Garcetti, Newsom and health officials have lamented the lack of vaccine availability.

We’ve got to increase the pace and distribution and the administration of these vaccines. The reality is we need to get these vaccines out of the freezer and we need to get them into people’s arms,” Newsom said.

The mayor and other big-city mayors across the country sent a letter to President-elect Joe Biden Jan. 13 asking that cities be given vaccine allocations directly instead of funneling them through the state.

But Garcetti said uncertainty about when vaccine doses will become available won’t stop the city from moving ahead with opening the Dodger Stadium site.

When it’s fully up and running we will see as many as 12,000 people, possibly more, come through there and receive their dose — their first dose and of course then later, their second dose of the vaccination,” he said Jan. 14. “And we’re deploying a whole workforce to administer shots, and doing it all without this clear sense of when vaccines will arrive from the federal government. But we have to take that risk. We have to get it out quick and assume that the next vaccine will be there. America deserves that. Los Angeles deserves nothing less.”

Dodger Stadium was previously being used as a mass testing site, but it halted operations Jan. 11 so it could be reconfigured for vaccinations. The city also closed a testing site at the Veterans Affairs Lot 15 at Jackie Robinson Stadium in Brentwood.

The move decreased the city’s testing capacity from more than 40,000 to about 27,000 tests per day, according to Garcetti, but he said testing appointments remain available to those who want them. He noted that the city has been seeing a drop in testing demand every day.

He also said the city is adding more mobile testing and looking into providing hybrid sites that offer both tests and vaccines.

Garcetti called the challenge of getting every American the required two doses of the COVID-19 vaccine “the largest logistical undertaking that I’ve ever seen in my lifetime as an American.”

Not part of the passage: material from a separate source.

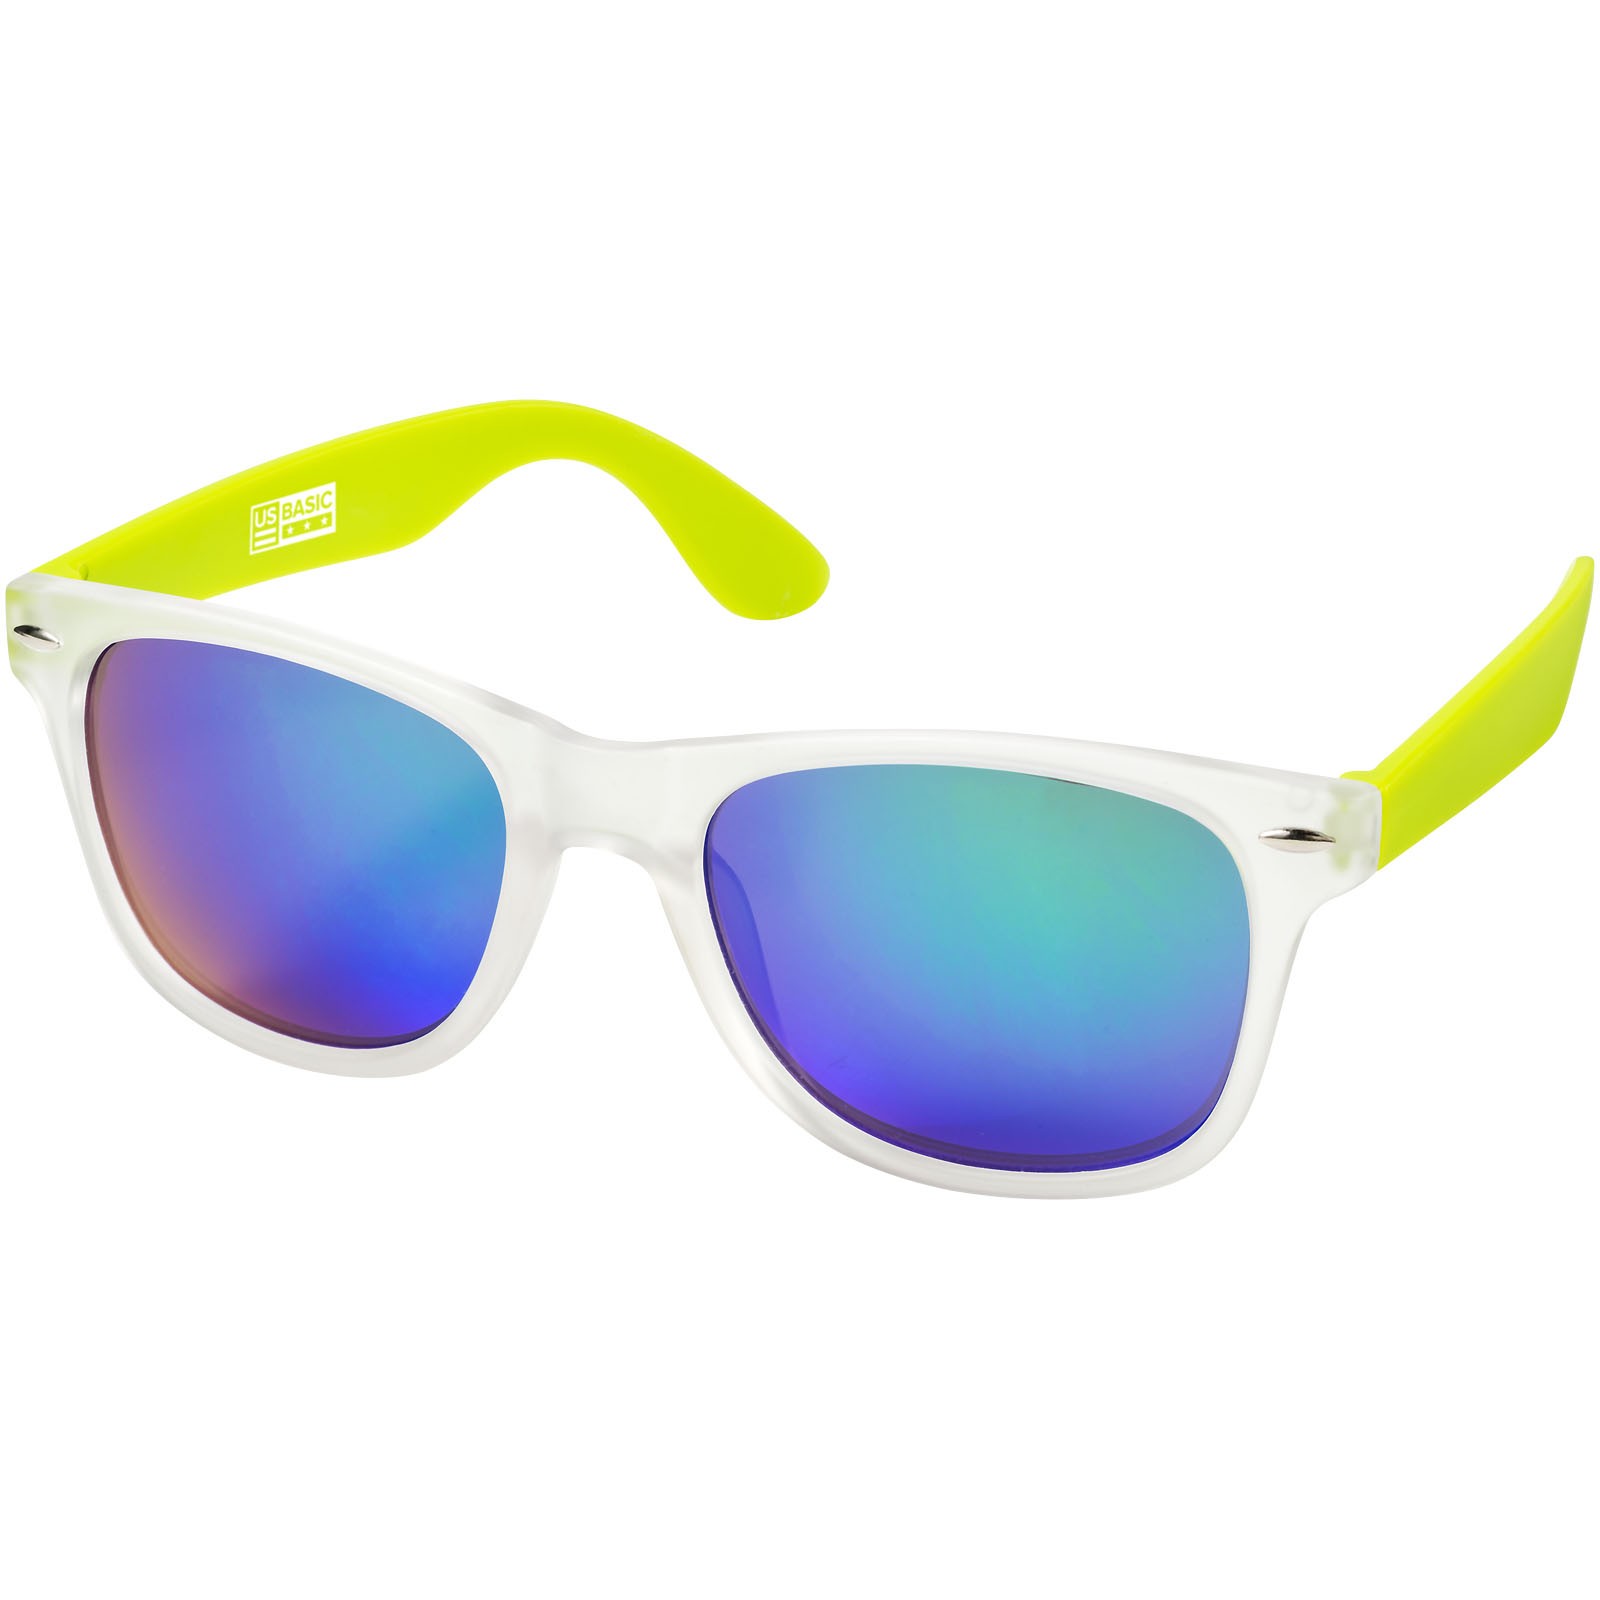 Sluneční brýle California s exkluzivním designem - Limetka / Průhledná

I spoke today with President-elect Biden and Vice President-elect Kamala Harris, and members of the administration who are focused on the goals of the next 100 days. And I stand ready to help them meet their goals of vaccinating 100 million people in the next 100 days,” Garcetti said. “Los Angeles will help get that job done.”

Los Angeles County was scheduled to open five additional mass-vaccination centers Jan. 19. Those centers will be located at the Pomona Fairplex, the Forum in Inglewood, Cal State Northridge, the Los Angeles County Office of Education in Downey and Six Flags Magic Mountain in Valencia.

County officials said each of the sites will be able to vaccinate about 4,000 people per day. The centers will operate in addition to Dodger Stadium and 75 other vaccination sites the county previously established across the region to administer doses to health care workers and people over 65.